We looked at models like the JPMorgan Chase’s Facebook application, Chase Community Giving, which engaged users in allocating the $5-million the bank pledged to partner charities.

By following the lessons of social game developers, Chase engaged more than 2 million Facebook users in a dialogue on philanthropy. We found that these types of interactions could easily evolve into creative fund-raising solutions like those undertaken by Water.org and the Huntington’s Disease Society of America (HDSA).

Both organizations partnered with Zynga, the largest game developer on Facebook, to allow players to purchase "virtual goods" branded with the Water.org and HDSA logos within specific Zynga games. These virtual goods raised more than $130,000 on behalf of HDSA and Water.org and enabled players to connect with and donate directly to causes like Water.org’s clean-water projects in Haiti.

These innovative approaches appealed directly to an audience's desire to engage in philanthropy, while avoiding direct solicitations. They established an exciting relationship between Facebook users and real-world outcomes, which helped deepen the experience and, hence, expand audiences.

With these lessons in mind, we set out to design an application that was easy to build and easy to share, engaged Facebook users in a dialogue on our project, and promised some measurable real-world outcome.  Our goal was to create an experience that a core Facebook audience would be attracted to and that we could subsequently offer to potential partners and donors.

We kept the concept simple: With a developer, we created a Facebook application that invited people to vote for their favorite children’s book from a list of five popular storybooks, and we promised to deliver copies of the winning book to a group of students at the end of the campaign.

In addition, voters could watch a short video that introduced the featured school and the students who would be receiving the books. Over a five-month period, we carried out three campaigns, each focusing on a school in Thailand, Bangladesh, or Mongolia.

During the voting process, the application prompted users to share the experience with their friends on their Facebook wall and displayed a running percentage for each title to allow users to keep track of the voting. If their favorite book was falling behind, we encouraged them to alert their friends and ask them to vote. When Books for Asia delivered the “winning” book to each school, we posted a follow-up video on Facebook that showed the glowing faces of the students as they received their new books.

The first two campaigns from Thailand and Bangladesh resulted in a huge spike in our fan numbers and generated publicity on other blogs and Web sites. Before the start of our final campaign in Mongolia, we leveraged this visibility and reached out to a major book publisher, Pearson, which agreed to donate the next round of books to the Mongolian students through its We Give Books program.

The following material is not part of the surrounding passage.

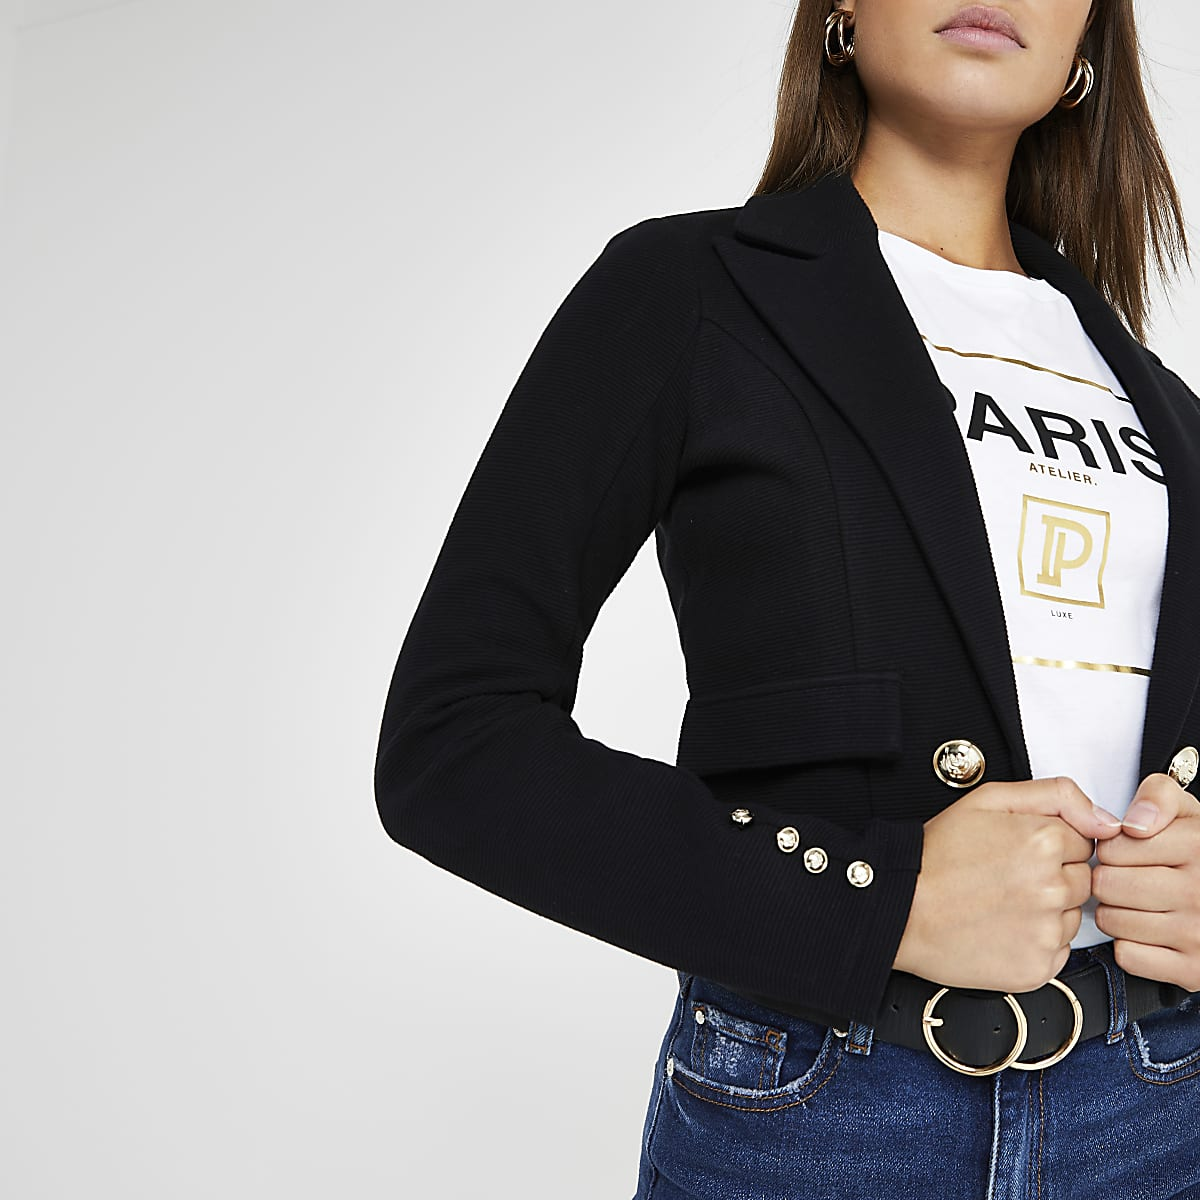 Black crop jersey jacket

Just before we launched the campaign, an anonymous donor, impressed with the campaign’s online success and powerful message, pledged $1 for every vote cast during the campaign, up to $10,000. We quickly exceeded the target, garnering a $10,000 donation.

What are the lessons here?

Social networking, and social media in general, can work for nonprofit groups. While surveys suggest the return is limited, it depends on how you deploy your investment.  

Social media connect you with your greatest asset: a large audience of sympathetic individuals willing to engage. Many private donors are beginning to understand this value and wish to partner with organizations that demonstrate skill at cultivating social networks.

So while a nonprofit group might not find success through a direct online appeal, there is real value in developing relationships on social networking platforms like Facebook.

A viral platform, powerful story, and “real world” impact -- these are the key elements to a successful social-media campaign and the lessons we applied to our Choose a Book, Change a Life campaign.

And, of course, a little friendly game competition can go a long way.